Одеты знакомо: в рубахи льняные, грубые штаны. Ноги до колен оплетены ремнями кожаных лаптей. Свои? Так сходны — сердце зашлось. Лишь вблизи разглядел: губы, носы по-иному очерчены — суше и резче, что ли. И речь, когда заговорили, дико врезалась в слух, рвуще-картавая, крепкая. Рыкают — «верь», то ли «зверь», не поймешь.
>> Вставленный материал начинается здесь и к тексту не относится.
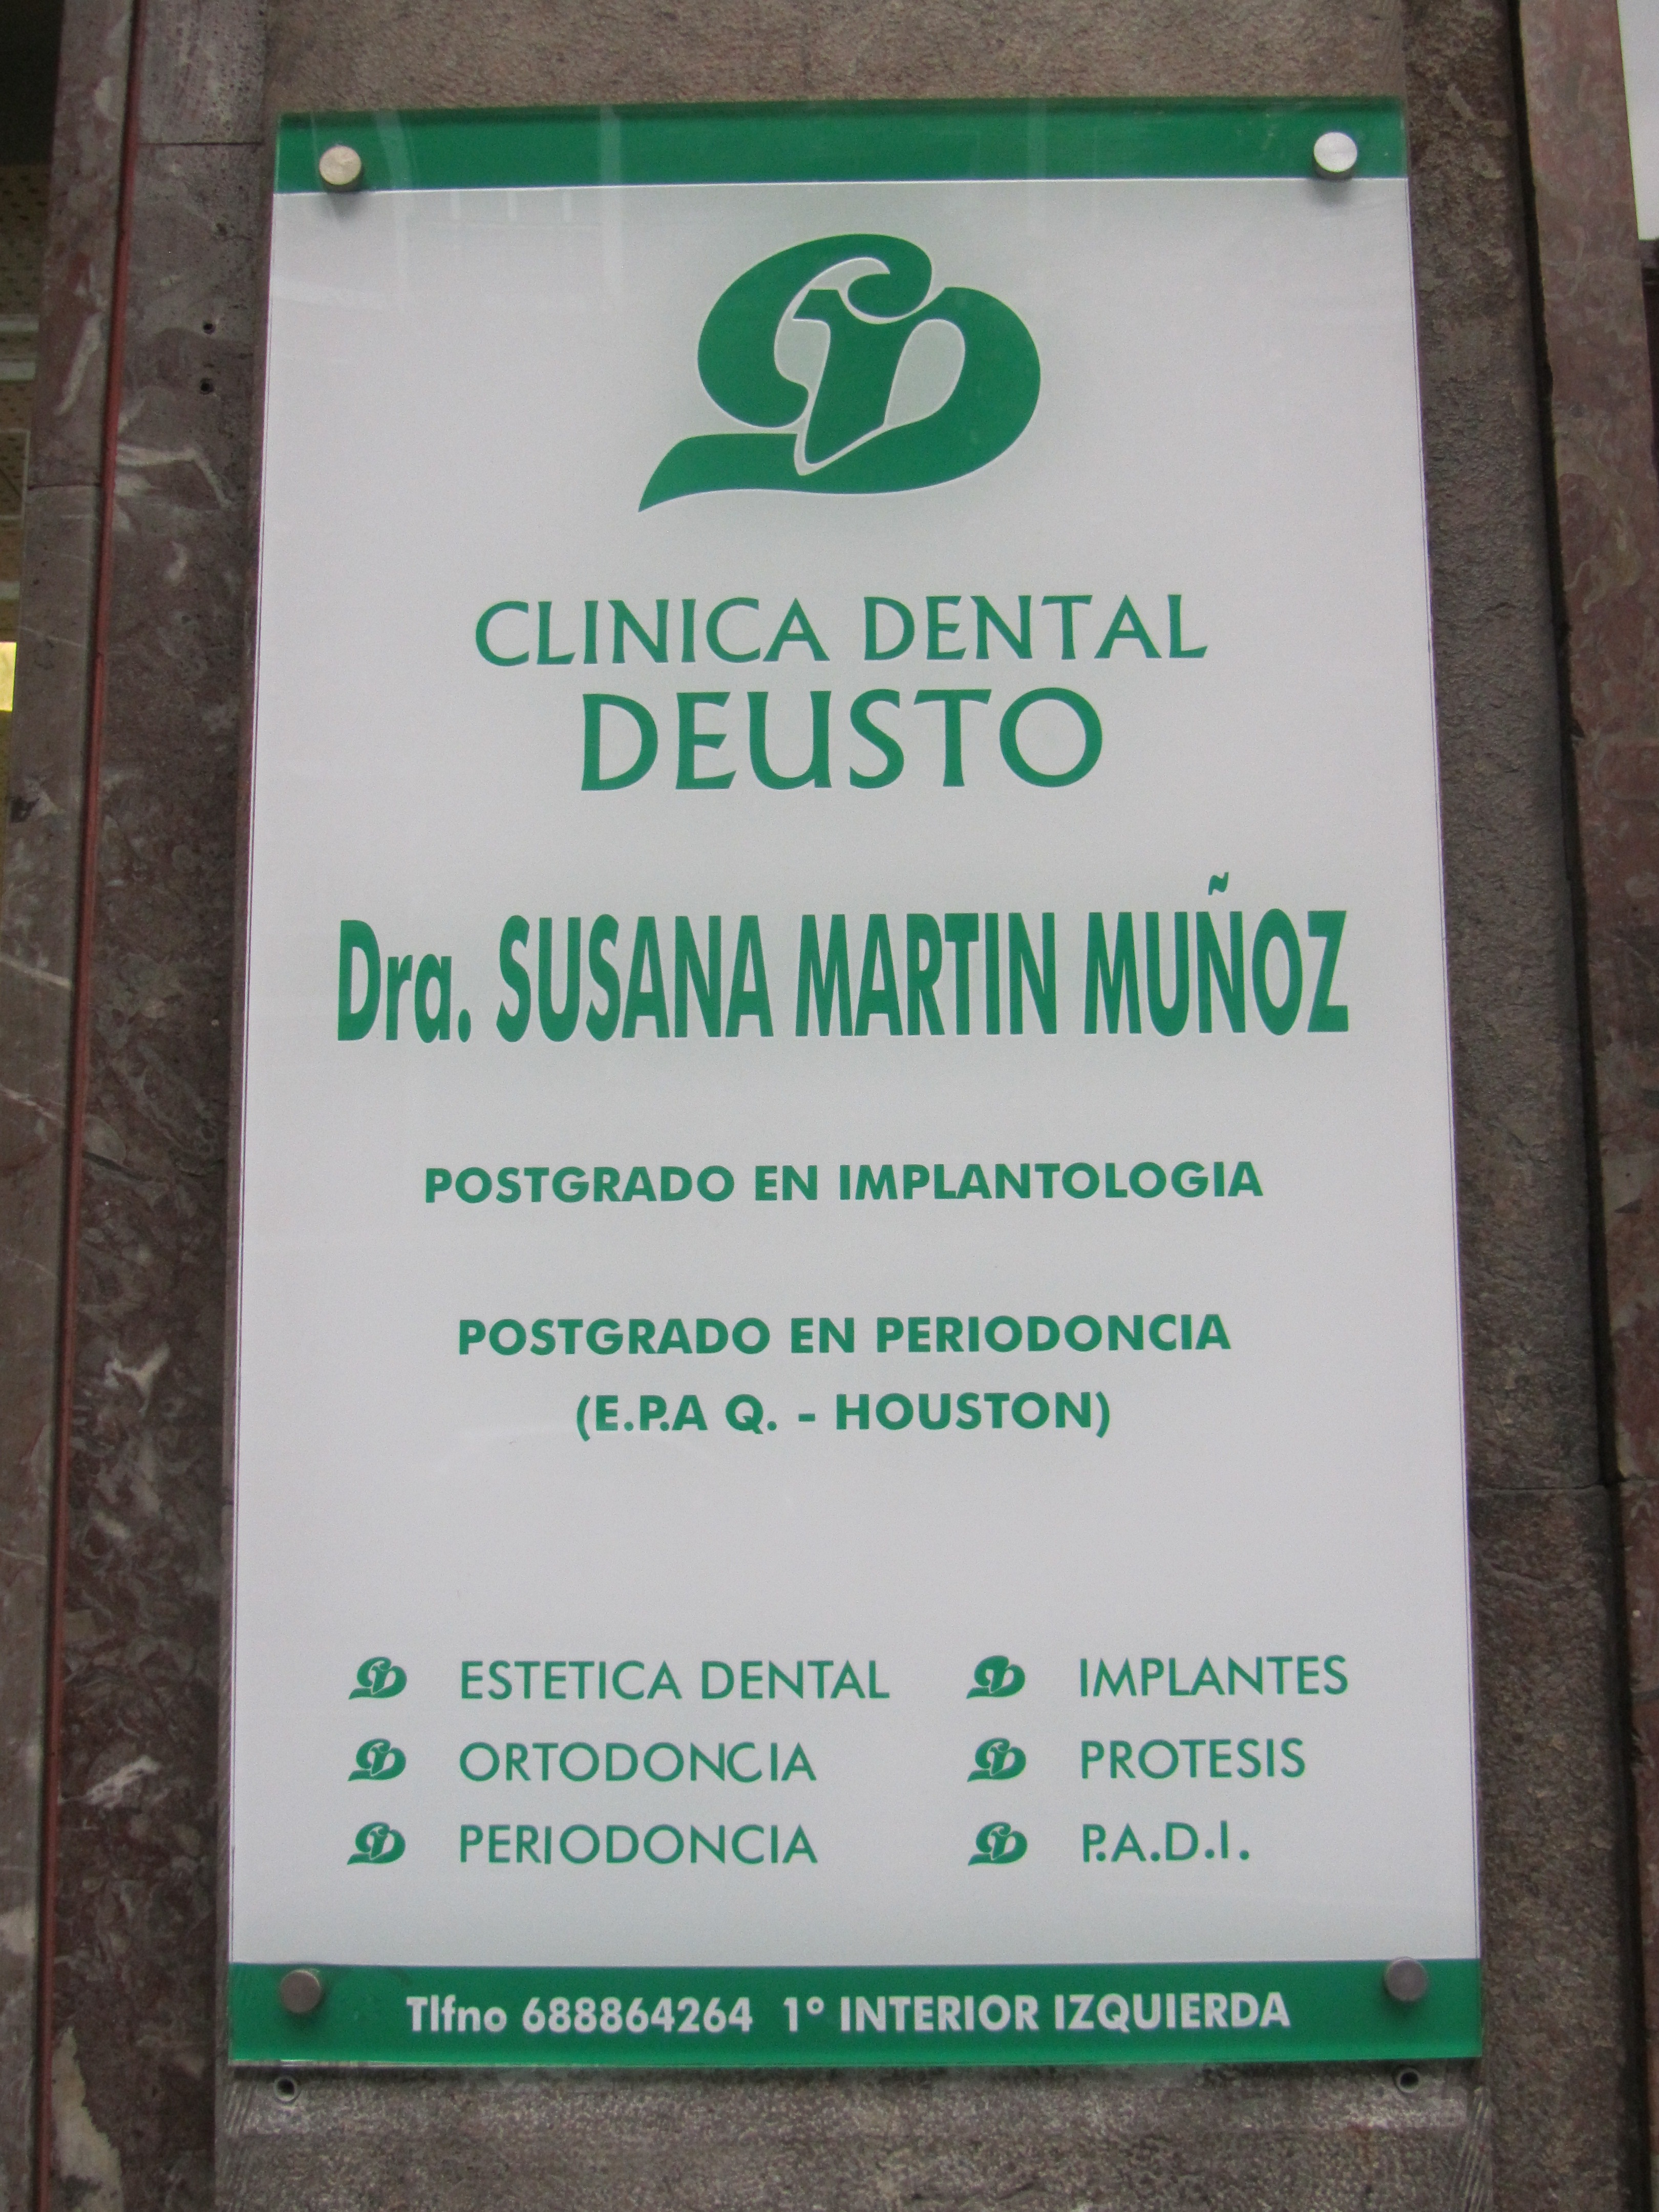 Images Clínica Dental Deusto - Susana Martín
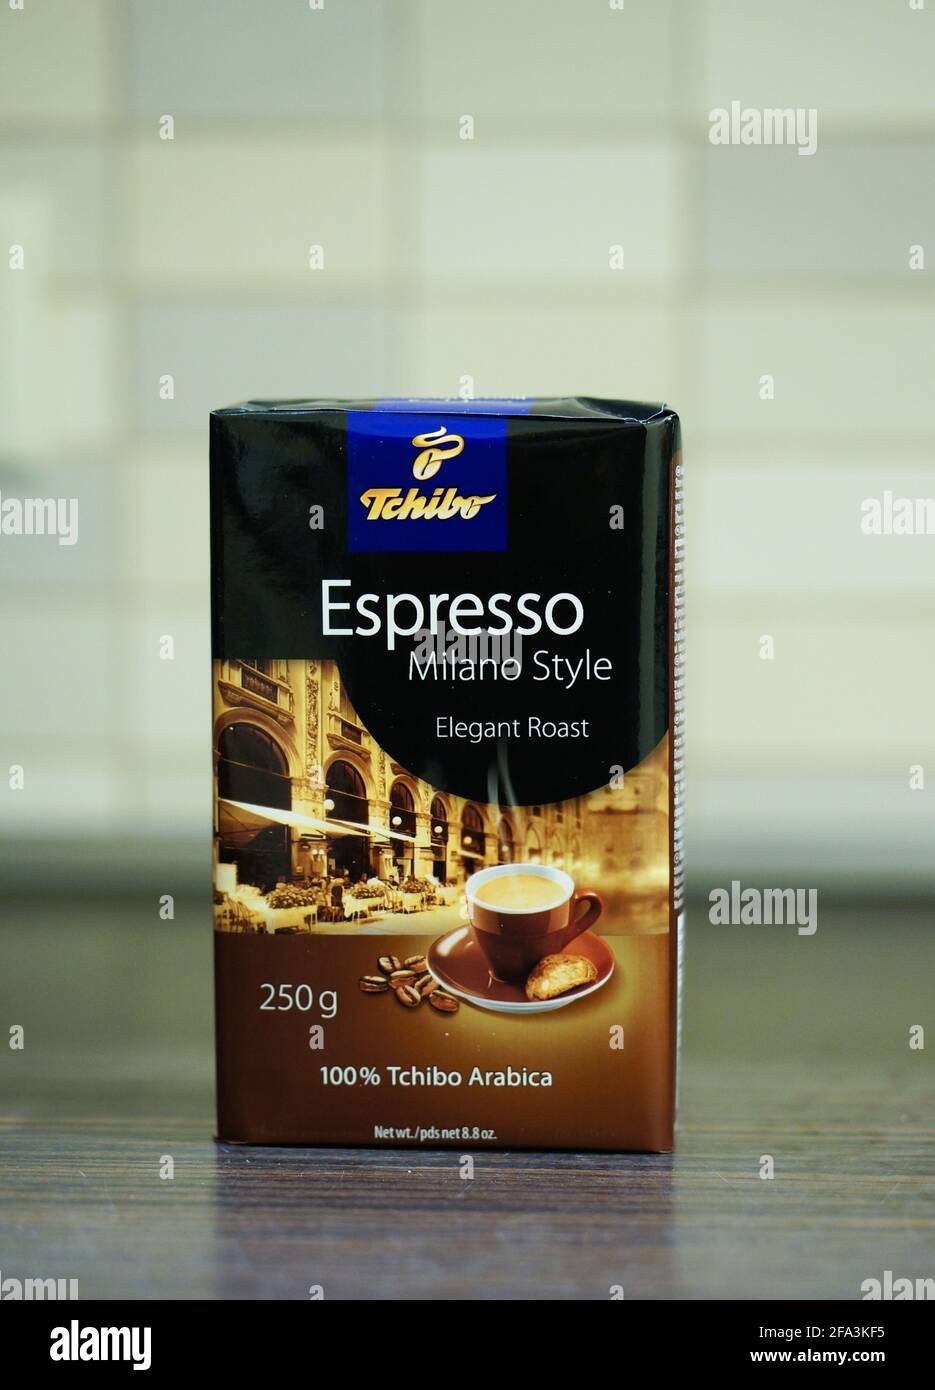 POZNAN, POLEN - 30. Dez 2015: Packung Tschibo Espresso Kaffee im Milano  Style Stockfotografie - Alamy

— Русс, — отвечал Гейзерих.
— А! Русс? Гут, хорошо.
Расступились. Руслан увидел женщину.
Ну, слава богу. А то уже не по себе от вроде и не злых, но чем-то пугающих взглядов. Слишком цепких, что ли. Острых. Притязательных. Раз уж в толпе этих чужих, и по всему — опасных, людей есть женщина, и ее так чтут (сразу стихли), — не могут они оказаться вовсе бездушными, нечеловечески жестокими. Найдется средь них свой Кубрат.
Он берег в себе чистоту Баян-Слу, нежность, радость, ясную печаль, что испытал, любуясь каменной богиней в Тане, — и перенес простодушно спасибо за них на эту другую, новую женщину, уже которую на его пути.
Но она и впрямь была другой. Совсем другой. Рослой, как мужчина, по-воински прямой и статной. Белые, пышно распущенные волосы, повязанные на низком лбу желтой лентой, ложились вольно на крутую грудь. Сквозь пушистую седую прядь, как солнце сквозь туман, виднелась на левом плече круглая медная застежка — под нею сходились углы белого простого одеяния, охваченного выше узких бедер медным поясом с коротким мечом.
Медными казались в густом загаре голые руки. Босые ступни. Худое лицо в легких морщинах, с узким, горбатым, как у сокола, носом, далеко нависшим над злобно тонкими губами. С глазами, наполовину спрятанными под золотистыми мохнатыми бровями, меж длинных, светлых, как у свиньи, ресниц, — синими, влажными, точно камни, только что вынутые из воды.
Женщина будто ударила ими по Руслановым робким глазам. В них чудилось что-то от грубости каменной бабы, взиравшей с вершины холма у Днепра на погребальный костер, Вспомнил Руслан и вторую — ту, разбитую в Тане: в мраморных ее глазах виднелось больше теплоты и света, чем в живых, но словно обледенелых очах угрюмой готской старухи. Попробуй узнать, чего она хочет. О чем думает вот сейчас. Зачем глядит.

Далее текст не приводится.